Exercise ::
Please repeat each line below exactly, with no images in the copy.

Dataset excerpt ::
:::::
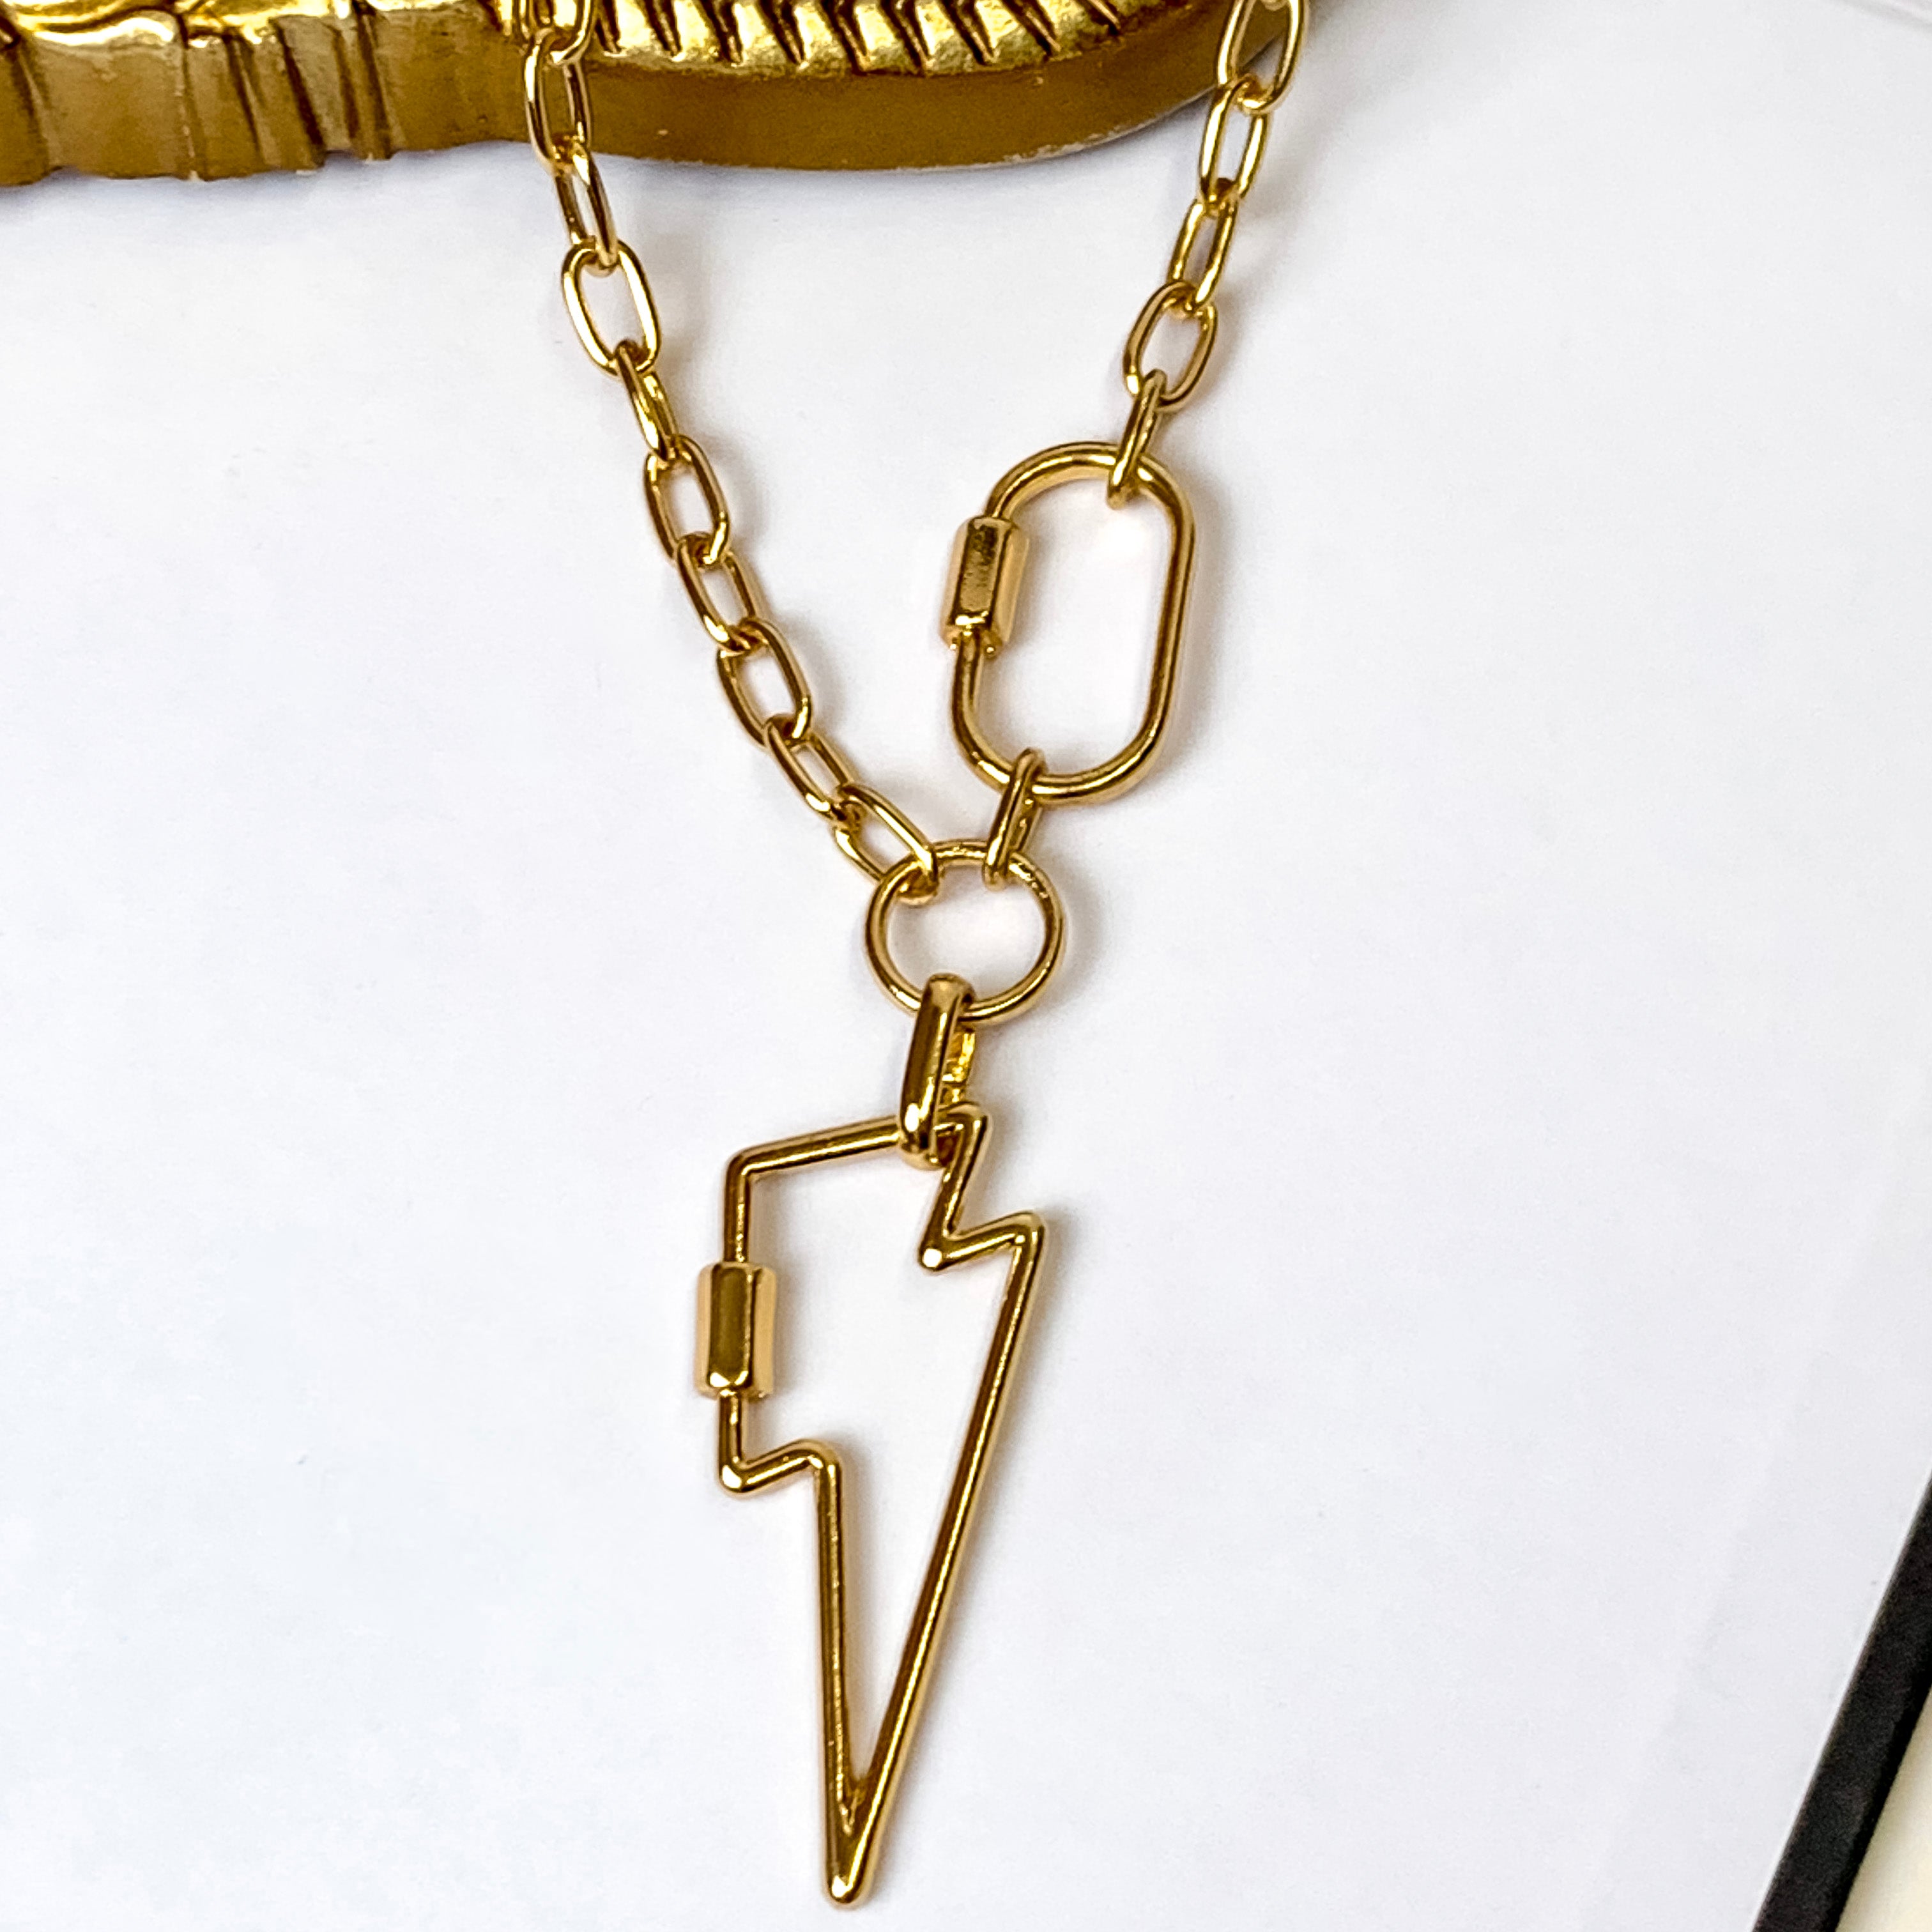 Gold Chain Carabiner Necklace with Lightning Bolt Pendant - Giddy Up Glamour Boutique
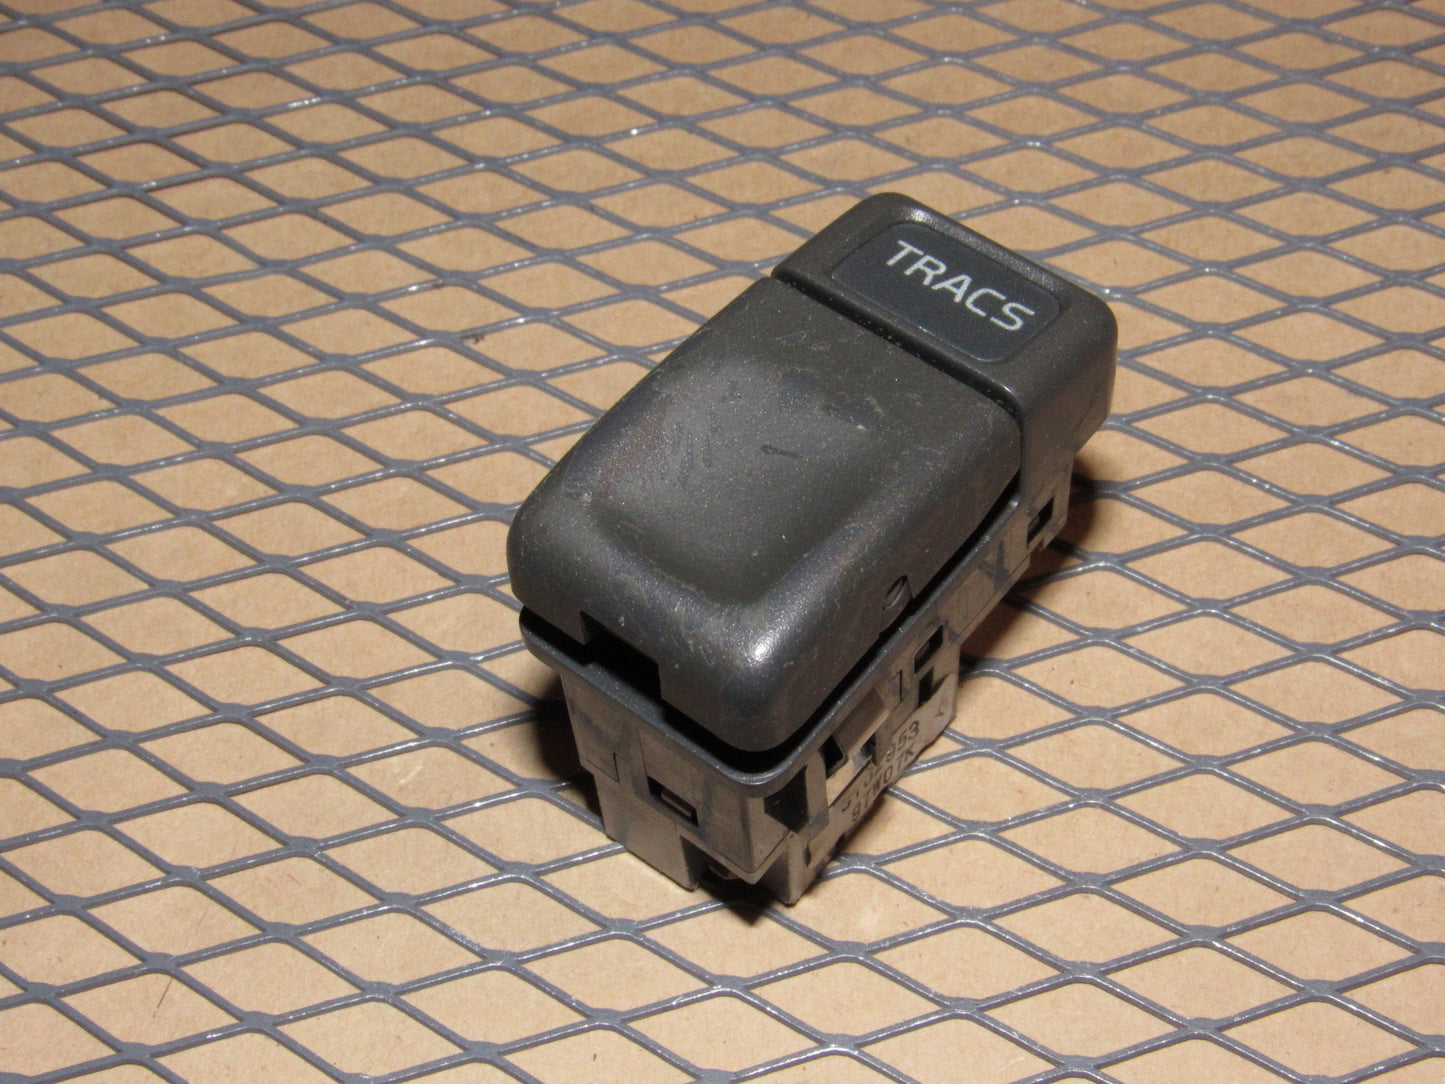 98 99 00 Volvo S70 OEM Traction Tracs Switch
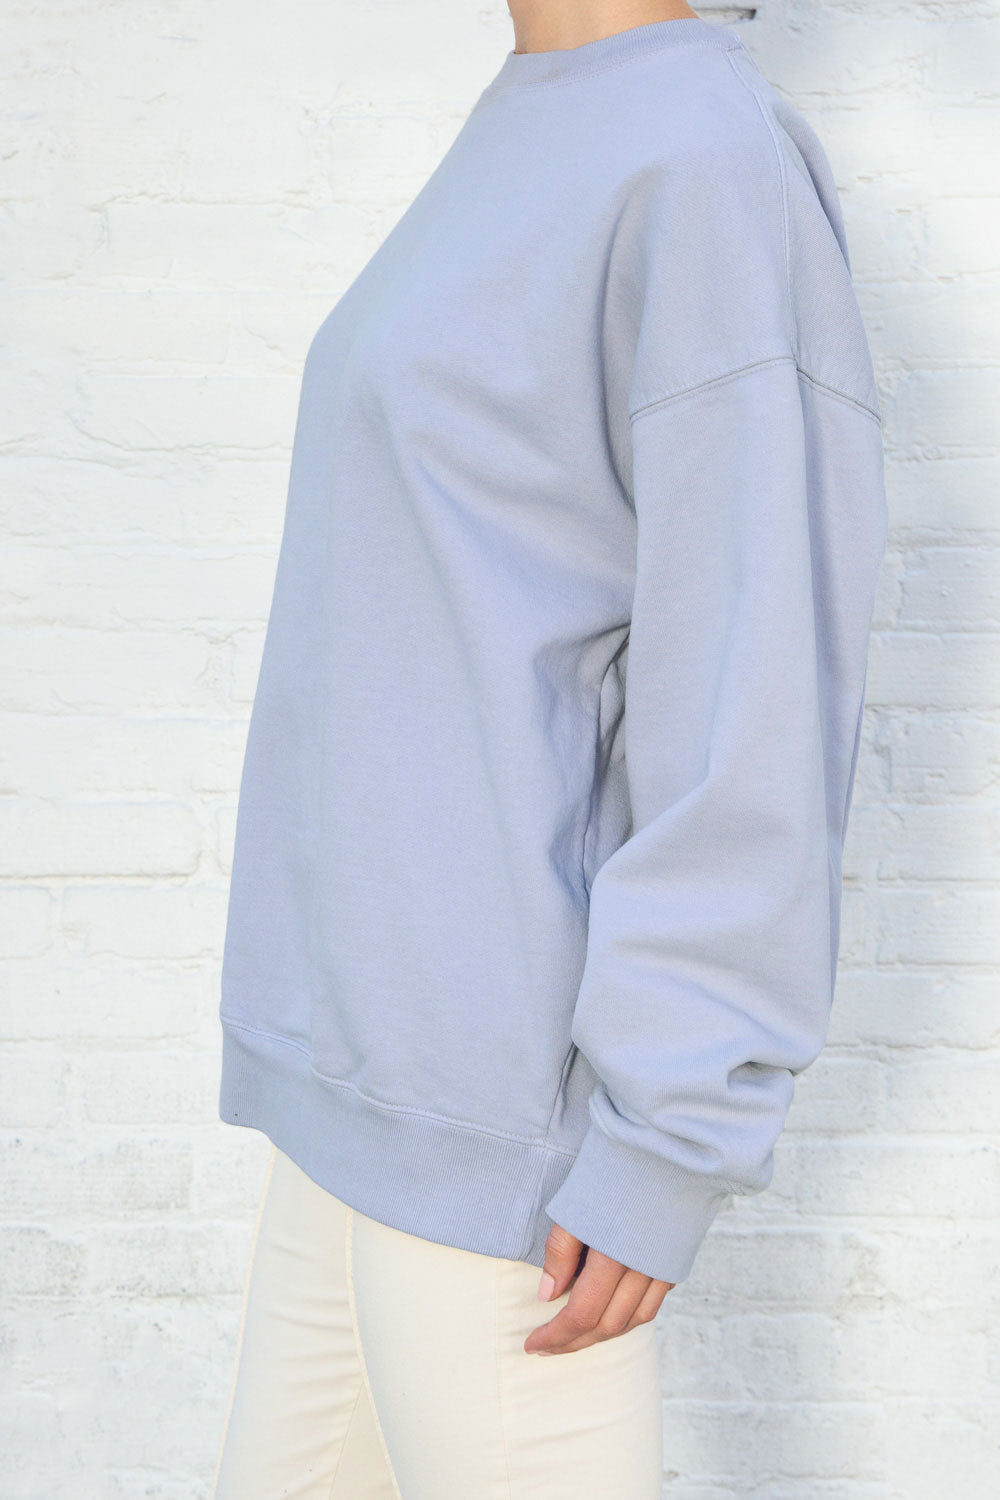 Periwinkle / Oversized Fit
:::::
Result of the exercise ::
 Gold Chain Carabiner Necklace with Lightning Bolt Pendant - Giddy Up Glamour Boutique
 98 99 00 Volvo S70 OEM Traction Tracs Switch
 Periwinkle / Oversized Fit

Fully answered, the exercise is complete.